Awesome
minbpe-rs
Port of Andrej Karpathy's minbpe to Rust.
Quick Start
Create a Rust application crate with cargo
,
$> cargo new minbpe-test
In the resulting project, add minbpe
to Cargo.toml
,
[dependencies]
minbpe = "0.1.0"
Refer crates.io
for selecting the latest version. Next in src/main.rs
,
use std::path::Path;
use minbpe::{BasicTokenizer, Saveable, Tokenizer, Trainable};
fn main() {
let text = "aaabdaaabac" ;
let mut tokenizer = BasicTokenizer::new() ;
tokenizer.train( text , 256 + 3 , false ) ;
println!( "{:?}" , tokenizer.encode(text) ) ;
println!( "{:?}" , tokenizer.decode( &[258, 100, 258, 97, 99] ) ) ;
tokenizer.save( Path::new( "./" ) , "toy" ) ;
}
Execute the binary with cargo run
,
$> cargo run
...
Compiling minbpe-test v0.1.0 (~/minbpe-test)

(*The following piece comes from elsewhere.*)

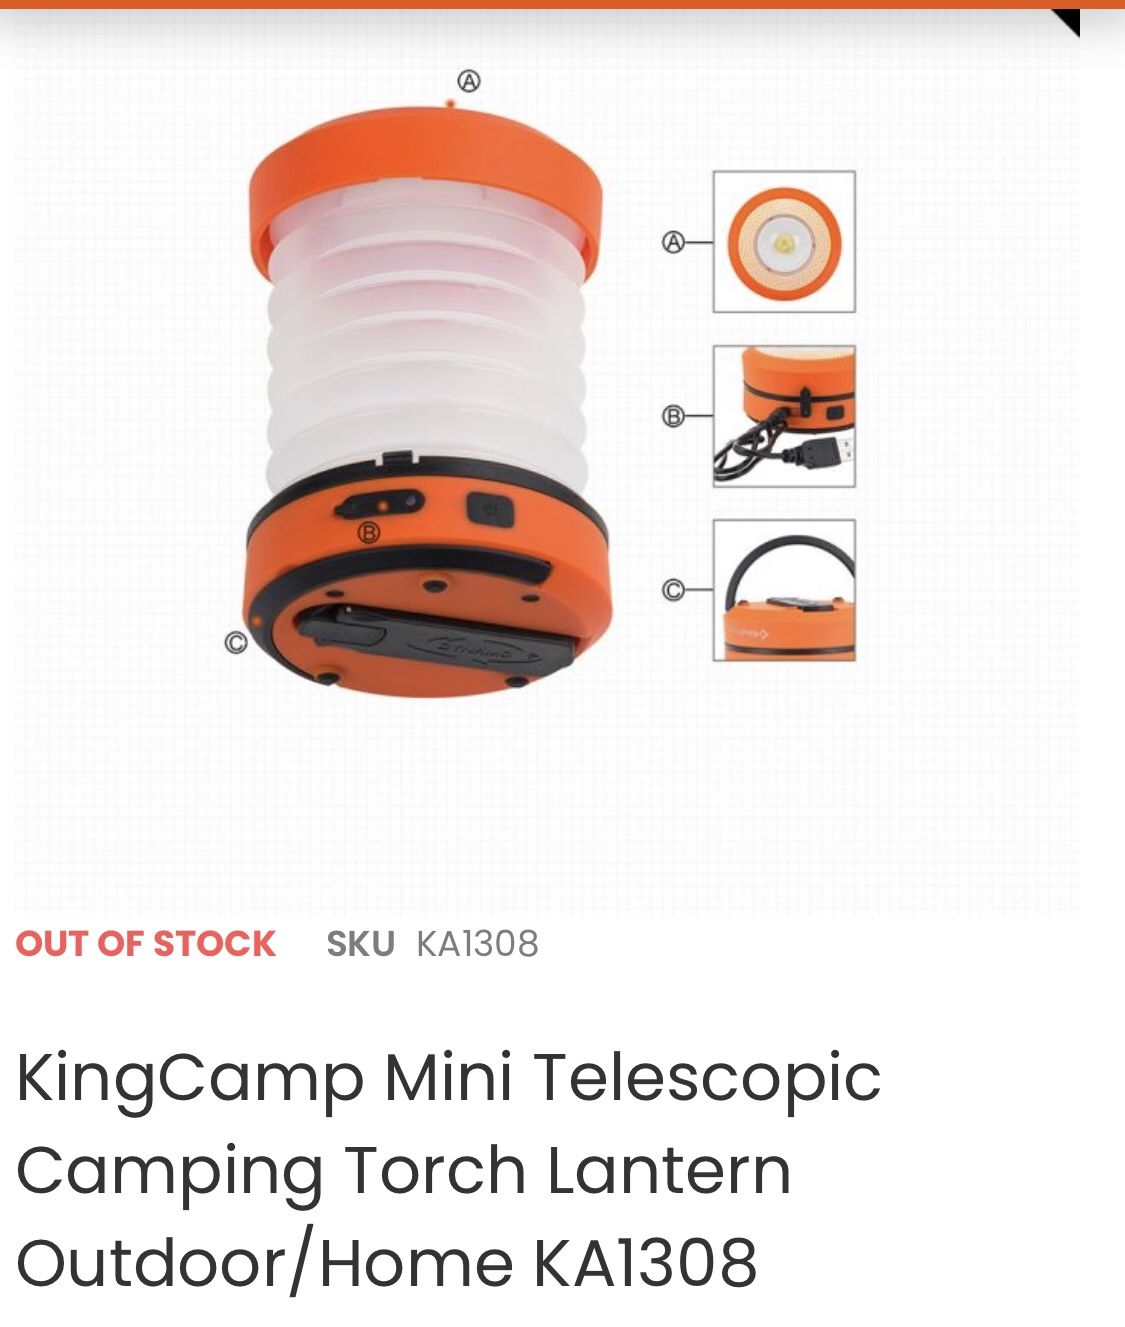 Camping torch lantern outdoors/indoor mini telescopic camping, hiking lantern- brand new
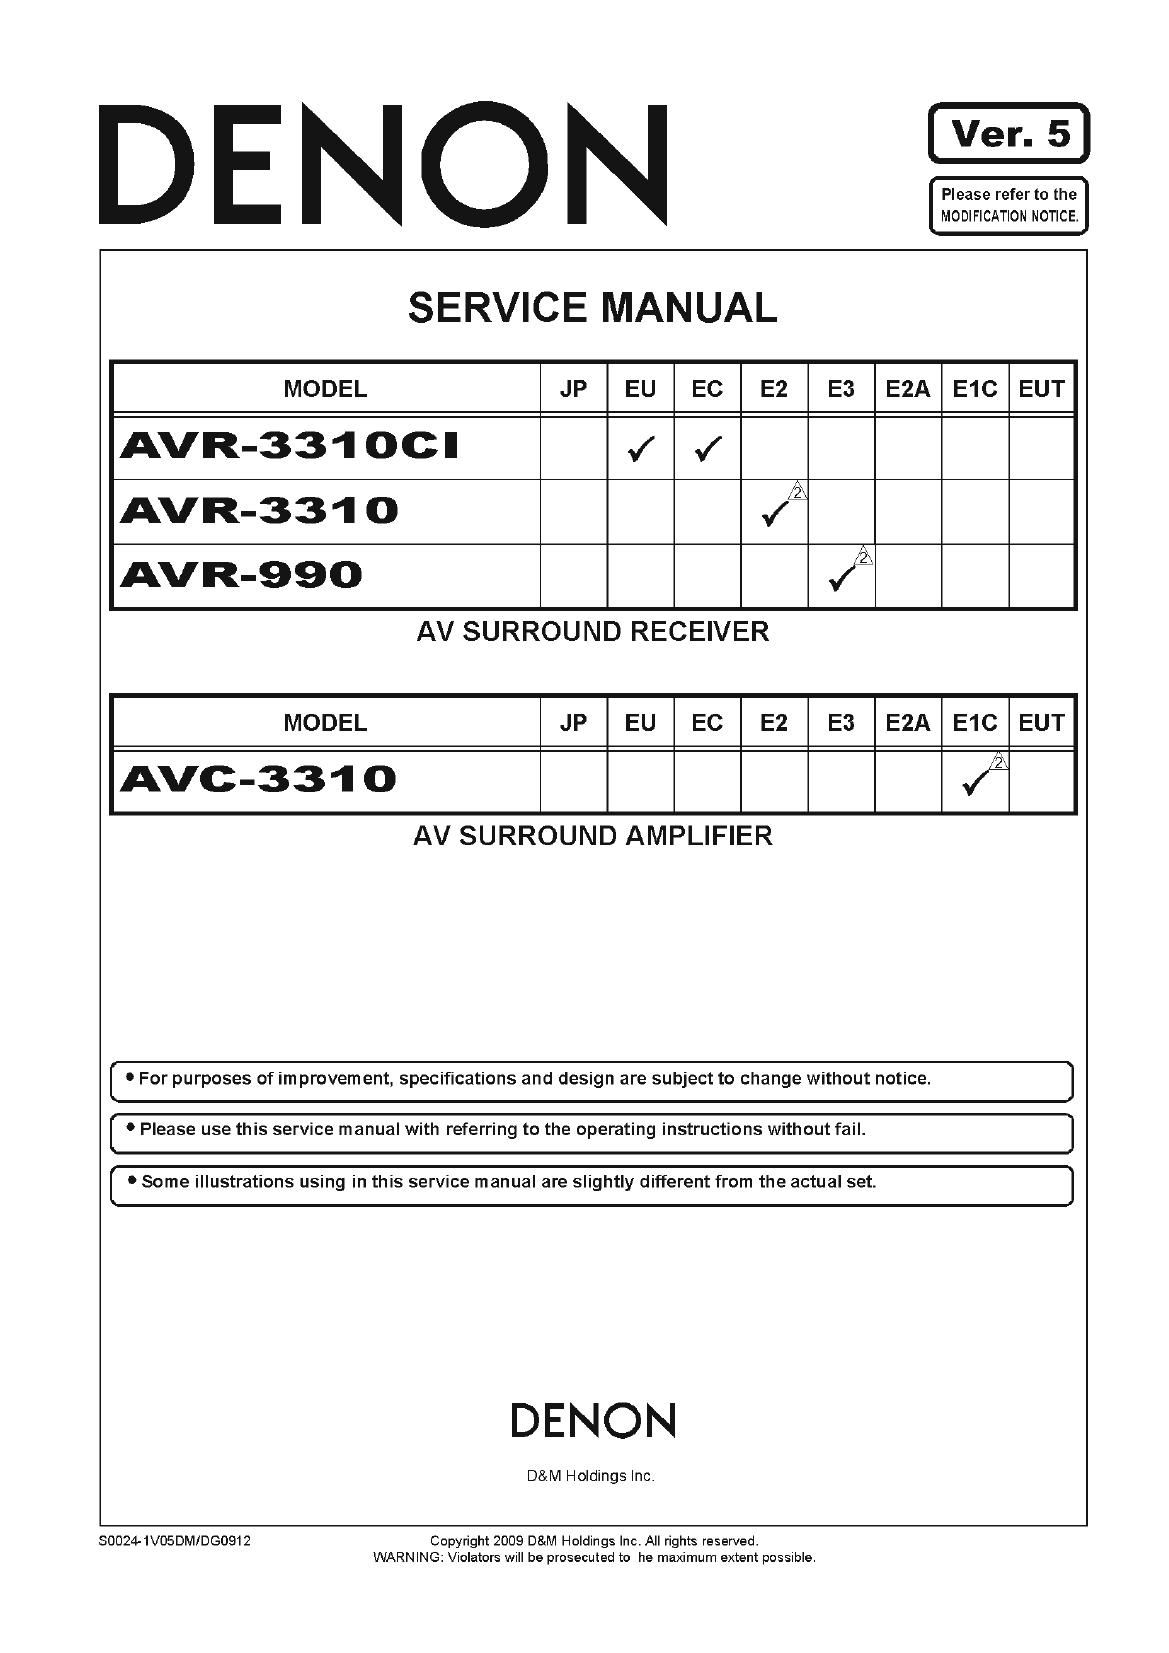 Denon AVR 3310 Service Manual

Finished dev [unoptimized + debuginfo] target(s) in 15.71s
Running `target/debug/minbpe-test`
[258, 100, 258, 97, 99]
"aaabdaaabac"
License
Licensed under either of
- Apache License, Version 2.0 (LICENSE-APACHE or http://www.apache.org/licenses/LICENSE-2.0)
- MIT license (LICENSE-MIT or http://opensource.org/licenses/MIT)
at your option.
Contribution
Unless you explicitly state otherwise, any contribution intentionally submitted for inclusion in the work by you, as defined in the Apache-2.0 license, shall be dual licensed as above, without any additional terms or conditions.